# IBEW Apprentice Interview



## Johncin (May 5, 2011)

mcubbage89 said:


> So I passed the aptitude test and now the interview is in 1 week. Any suggestions on doing well with that? I know no one will have any specific answers, but what kind of answers will they be looking for? I also have a letter of recommendation from my boss. Also should I wear a suit? or will that make me look TOO eager? There's only 150 people being takin in so I need to score high on this interview. Thanks in advance!
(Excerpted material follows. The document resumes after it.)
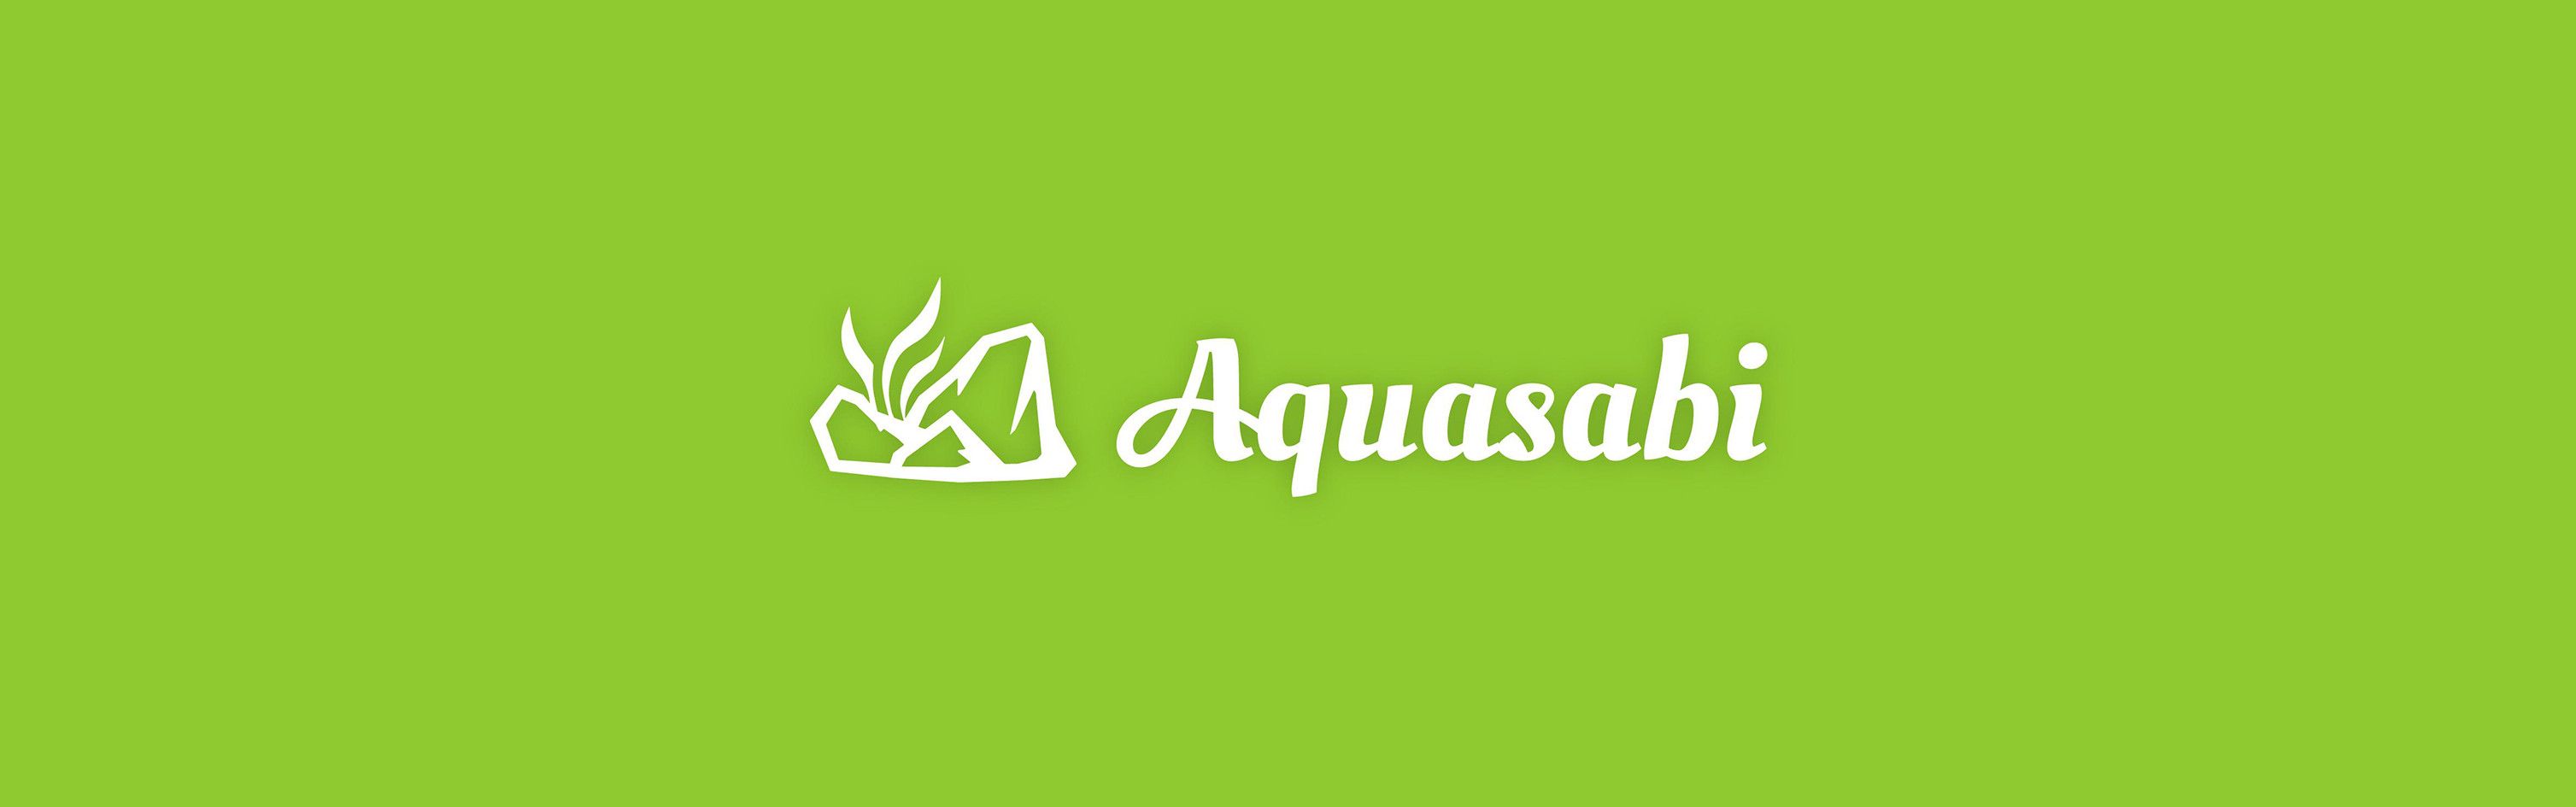 Buy Aquarium Essentials at a great price

No suit...maybe if it were for an office job. I know a guy on the committee in my area and jeans is good. At least for my area you should look like you're ready to work. In my area very very few get in on the first interview. Ask for their suggestions about what you could do in case you're not chosen this time around. Usually it's work fir a non union contractor or school until the next interviewing period. Your application should be open for 2 years so you won't have to reapply. Just keeping it real w you. Don't give up though if you don't get in on the first interview. It may be different in your area but that's how my area is


----------



## brian john (Mar 11, 2007)

I was told once by an interviewer, some of the best dressed men come off as too slick. One of the best was a young man that came in for a late afternoon interview all dirty wire eze on his shirt and pants.

The young man apologized but said they had a big pull set for early in the AM and every man was needed. He stayed for the pull then hauled his buns to the interview.

Dress like you are going to work in a blue collar trade. Slacks and polo shirt.

Be polite and professional, not cocky, answer honestly. (honestly within reason)


----------